At this point its an option but I was trying to stay in core since I’ve had no issues with it (until now), I don’t plan on using any of Scale’s features, and I have other machines running core with cloud syncs through FTP that were failing when I migrated one of them over. I’m guessing due to differences in ftp versions which I couldn’t resolve so I rolled back.

I agree with sticking with Core - that is what I do. However, a Linux version may produce some logs that Core does not, and if it hols up for a week or 2, at least you have narrowed it down. As long as you don’t upgrade the ZFS version, you can flip between the two…

This is a good point. I’ll do this.

here.txt (195.2 KB)
Here are the logs. The system crashed 3 times 2023-02-01. This was on scale but I still don’t see anything in the logs.
The time it crashed was 16:06:41, 19:49:04,and 21:21:03 to be inline with the logs.
Thank you all for the help and everything. While I’m still open for options/answers I’m thinking about starting to look for a server motherboard that supports AM4/AM5 since it “should” have better support for the system config that I want. If anyone has any recommendations I would appreciate it.

Disclaimer: I’m a relative amateur with TrueNAS Core

It does sound like TrueNAS doesn’t like the boards RAID config. I’m not saying it’s the right thing to do, but in your position I would:

Try a test install of Scale
Failing that, try another board, getting one after watching @wendell many videos on the subject of NVMe drives and Core.

Sorry I can’t help further - you’ve got shown some good info for anyone that might be able to help though.

Good luck!

At the risk of getting way out of my depth, here goes some more thoughts…

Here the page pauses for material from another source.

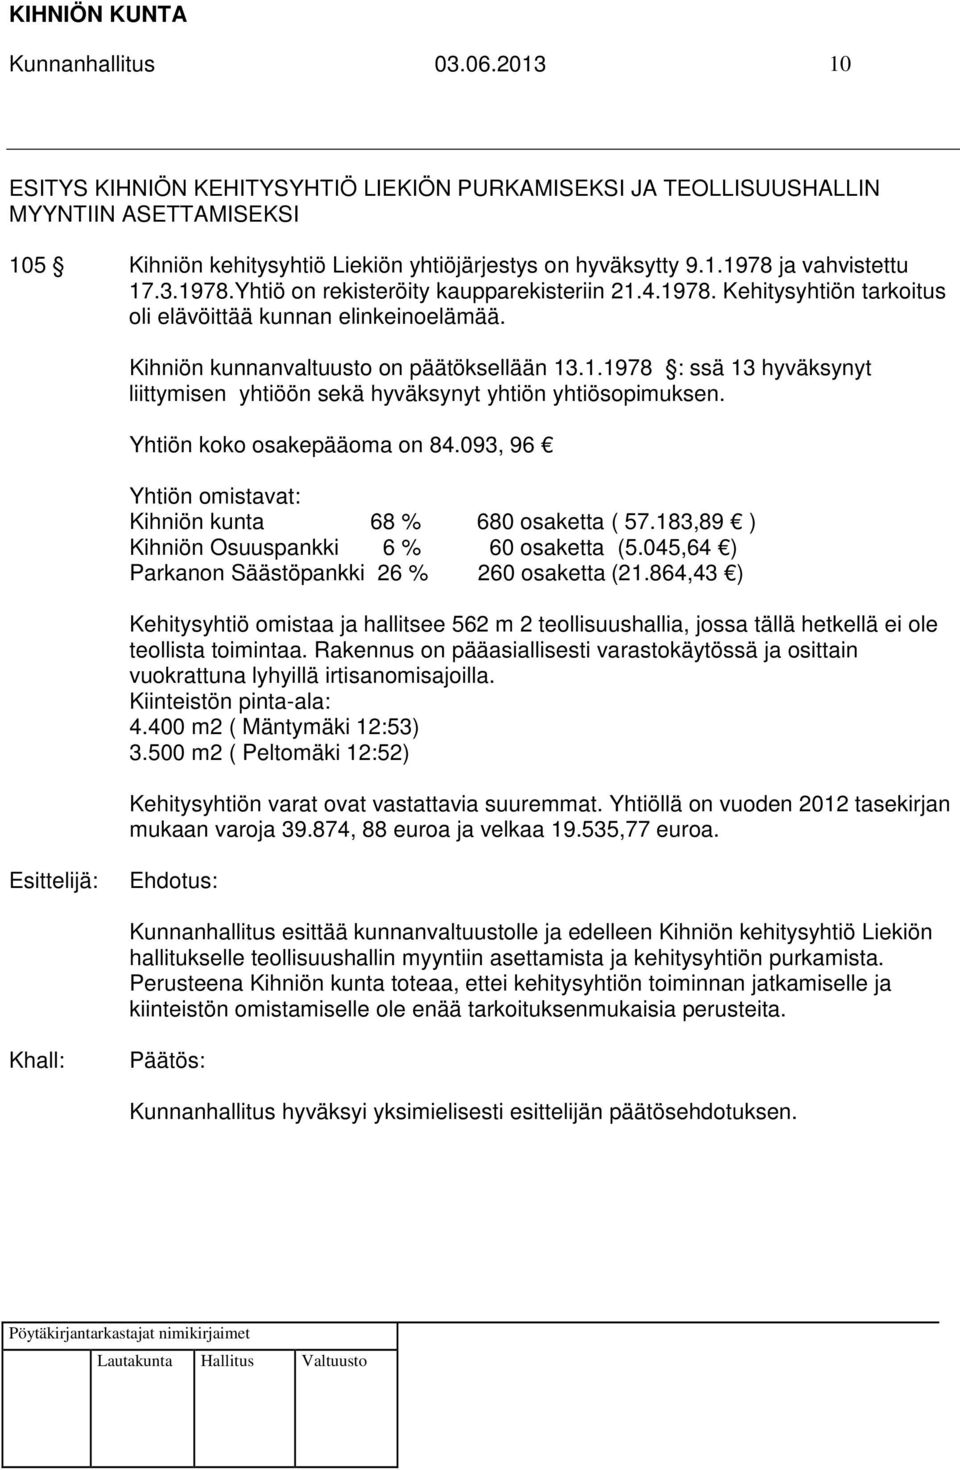 Yhtiön koko osakepääoma on 84.093, 96 Yhtiön omistavat: Kihniön kunta 68 % 680 osaketta ( 57.183,89 ) Kihniön Osuuspankki 6 % 60 osaketta (5.045,64 ) Parkanon Säästöpankki 26 % 260 osaketta (21.

Taking these lines from your logs:

Feb 1 19:49:27 freenas kernel: Adding 2094076k swap on /dev/mapper/md127. Priority:-3 extents:1 across:2094076k FS
Feb 1 19:49:28 freenas kernel: Adding 2094076k swap on /dev/mapper/md126. Priority:-4 extents:1 across:2094076k FS
Feb 1 19:49:28 freenas kernel: md: md126: resync interrupted.
Feb 1 19:49:29 freenas kernel: md: resync of RAID array md126
Feb 1 19:49:29 freenas kernel: md: md126: resync interrupted.
Feb 1 19:49:29 freenas kernel: md: resync of RAID array md126
Feb 1 19:49:29 freenas kernel: md: md126: resync done.
Feb 1 19:49:29 freenas kernel: md126: detected capacity change from 4188160 to 0

Not sure what the “adding swap” bit is - perhaps a Scale thing? But Linux swap doesn’t work well on ZFS I believe. Maybe a red herring?

Also (and could be a scale thing I suppose?) what is the mdraid about? On my Nixos system with ZFS, I don’t see any obvious log entries with this at all.

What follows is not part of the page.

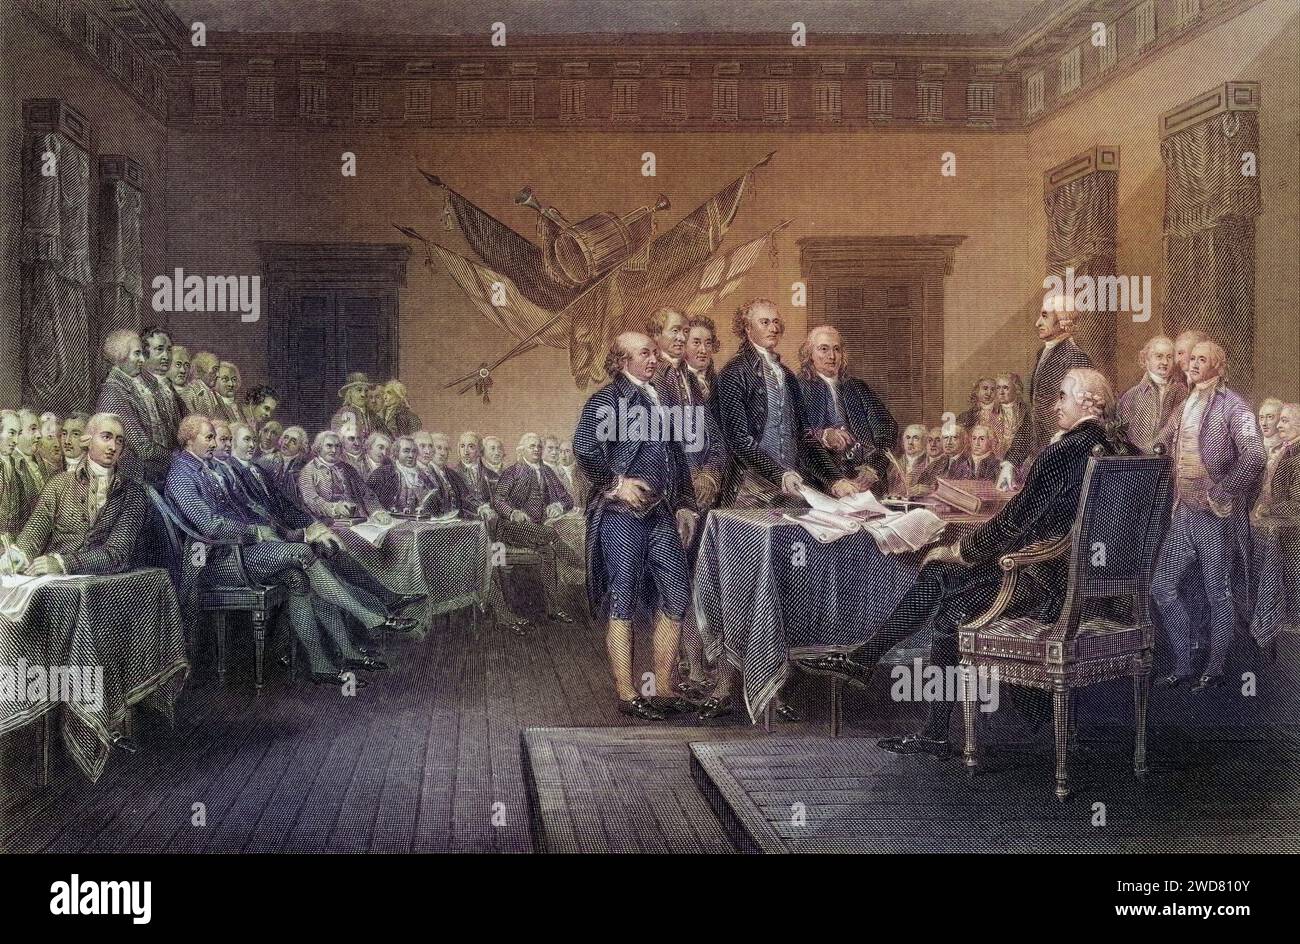 Die Unabhängigkeitserklärung Juli 1776, USA, Historisch, digital restaurierte Reproduktion von einer Vorlage aus dem 19. Jahrhundert, Record date not stated Stock Photo

So just a sanity check - you really do have the LSI card in HBA/IT mode (not RAID), and what do you mean by the phrase “set the PCI Slot 1 to RAID Mode” - just checking that you haven’t set the advanced-SATA-RAID options.

The reason for the sanity check is I interpret the logs that a pair of drives seem to fail on a resync, which make me wonder if it is your SATA boot pair.

Having done the sanity check, you could use the M2 card drives as your pool, leaving the LSI card in place, but unplugging all the HDDs (I assume they are in a ZFS pool…).

If I understand your config, I don’t think that AM4/5 will make any difference, so I’d keep going a little while longer with this (unless you want the excuse of course!)

Hopefully this helps move a little - it’s bugging me and my remote analysis feels under par this week.

So what I did when I upgraded to Scale is “unpair” my SATA mirrors for easy rollback.
This one was Scale but the other one not plugged in was Core. I did this so all I had to do to roll back was plug the Core one back in and if I stayed I just needed to re-add the other mirror drive.

So you disconnected one the the mirror drives…sorry I could have been clearer with a previous post.

For future reference, the change between scale and Core is just a boot environment - system → boot …I have three core entries on my system (looking like 13.0-U3 and 13.0-U3.1) with an old scale entry (22.02.0.1). Just change the version you want to activate from the menu and reboot! A reminder that the Linux/Scale ZFS version is (or can be) higher than the BSD/Core version. If you update that version, you can’t go back.